On a clear evening he held forth about the so-called dangers of Chapel Hill–at that time the hub of all things liberal in the great north state. He was sure we had been told by the folks at home not to let all those radical University of North Carolina professors fill our heads with nonsense; and no doubt we had been warned about the dangers of dope smoke wafting across the green and other sensual pleasures that lie in wait for us. His point, in gently mocking the fears we imported with us, was that it was time we tried out some new ideas and new ways of thinking. That college should not be like the education we had engaged in to prepare us to get here. Rather, it was time to think broadly, to talk to people with whom we disagreed, to read authors sometimes banned at libraries back home, and to maybe, just maybe, hatch an original thought or two of our own.
Heady stuff. All presented with humor and the grace that only a 50 something balding man who looked like Santa Claus but talked like Marx (both Groucho and Karl) could pull off. I had to find a way to be in his classes.
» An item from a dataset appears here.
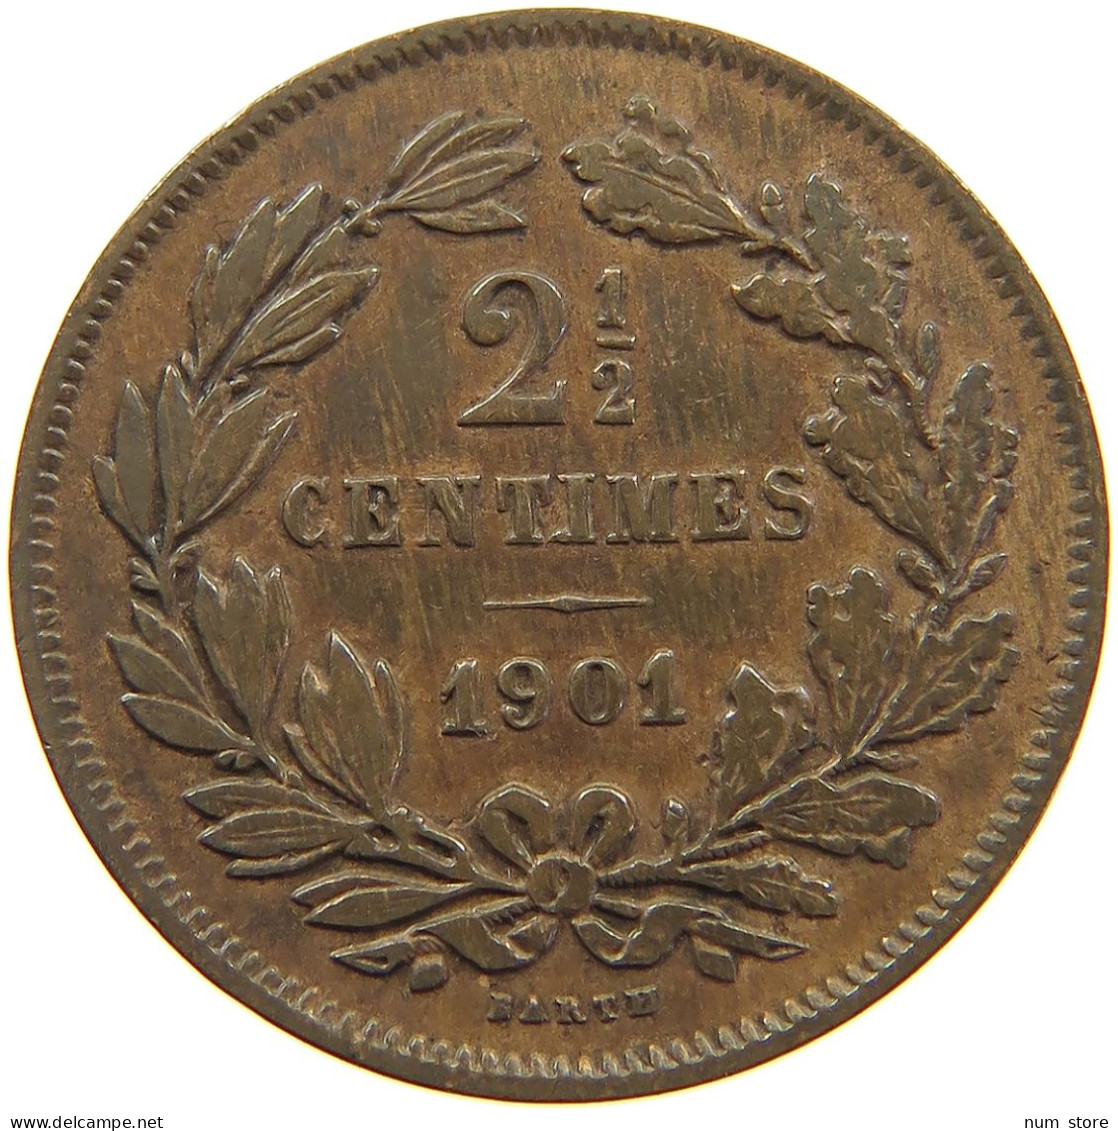 LUXEMBOURG 2 1/2 CENTIMES 1901 Adolph 1890 - 1905 #a062 0735 - Luxembourg

An excerpt from a tribute to one-time UNC-Chapel Hill history professor William “Bill” Geer. Geer was a longtime Chapel Hill resident and fixture on the UNC campus. For many years Geer collected material on O. Max Gardner. His biography on the former North Carolina governor had not been completed when Geer died in 1999. Correspondents in the Washington, D.C. and Raleigh bureaus of N.C. Miscellany alerted us to the tribute to Geer. Its author is George Wood, principal of Federal Hocking High School in Stewart, Ohio, and executive director of the nonprofit Forum for Education and Democracy, a collaboration of educators from across the country. The tribute also appeared in a recent column in the Washington Post.